*What the task requires*
Starting at the line with "Cartas a Marcos", repeat every line exactly until the records end, including the last one.
• • • • • • •
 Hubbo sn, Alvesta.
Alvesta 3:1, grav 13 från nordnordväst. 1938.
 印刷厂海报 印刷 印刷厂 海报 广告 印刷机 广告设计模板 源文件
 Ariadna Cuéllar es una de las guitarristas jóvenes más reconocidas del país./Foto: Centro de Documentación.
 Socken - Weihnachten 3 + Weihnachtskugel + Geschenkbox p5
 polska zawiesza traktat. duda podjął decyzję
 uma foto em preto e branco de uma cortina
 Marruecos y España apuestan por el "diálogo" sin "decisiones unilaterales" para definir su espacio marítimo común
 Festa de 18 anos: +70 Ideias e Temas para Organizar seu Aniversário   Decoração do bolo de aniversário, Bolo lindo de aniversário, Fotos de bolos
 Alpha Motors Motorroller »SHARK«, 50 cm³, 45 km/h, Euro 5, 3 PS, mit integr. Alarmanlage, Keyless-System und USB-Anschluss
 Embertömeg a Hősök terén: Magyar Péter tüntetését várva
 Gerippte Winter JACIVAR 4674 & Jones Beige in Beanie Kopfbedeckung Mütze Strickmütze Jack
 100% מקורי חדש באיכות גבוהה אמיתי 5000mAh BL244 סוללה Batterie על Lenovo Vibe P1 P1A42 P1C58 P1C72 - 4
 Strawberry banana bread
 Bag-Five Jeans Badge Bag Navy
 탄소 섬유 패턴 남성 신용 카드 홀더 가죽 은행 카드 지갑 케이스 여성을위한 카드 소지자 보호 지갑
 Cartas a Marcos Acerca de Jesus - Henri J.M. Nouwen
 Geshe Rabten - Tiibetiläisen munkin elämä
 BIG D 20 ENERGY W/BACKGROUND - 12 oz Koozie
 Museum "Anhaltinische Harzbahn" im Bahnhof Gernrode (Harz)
• • • • • • •
*The answer*
 Cartas a Marcos Acerca de Jesus - Henri J.M. Nouwen
 Geshe Rabten - Tiibetiläisen munkin elämä
 BIG D 20 ENERGY W/BACKGROUND - 12 oz Koozie
 Museum "Anhaltinische Harzbahn" im Bahnhof Gernrode (Harz)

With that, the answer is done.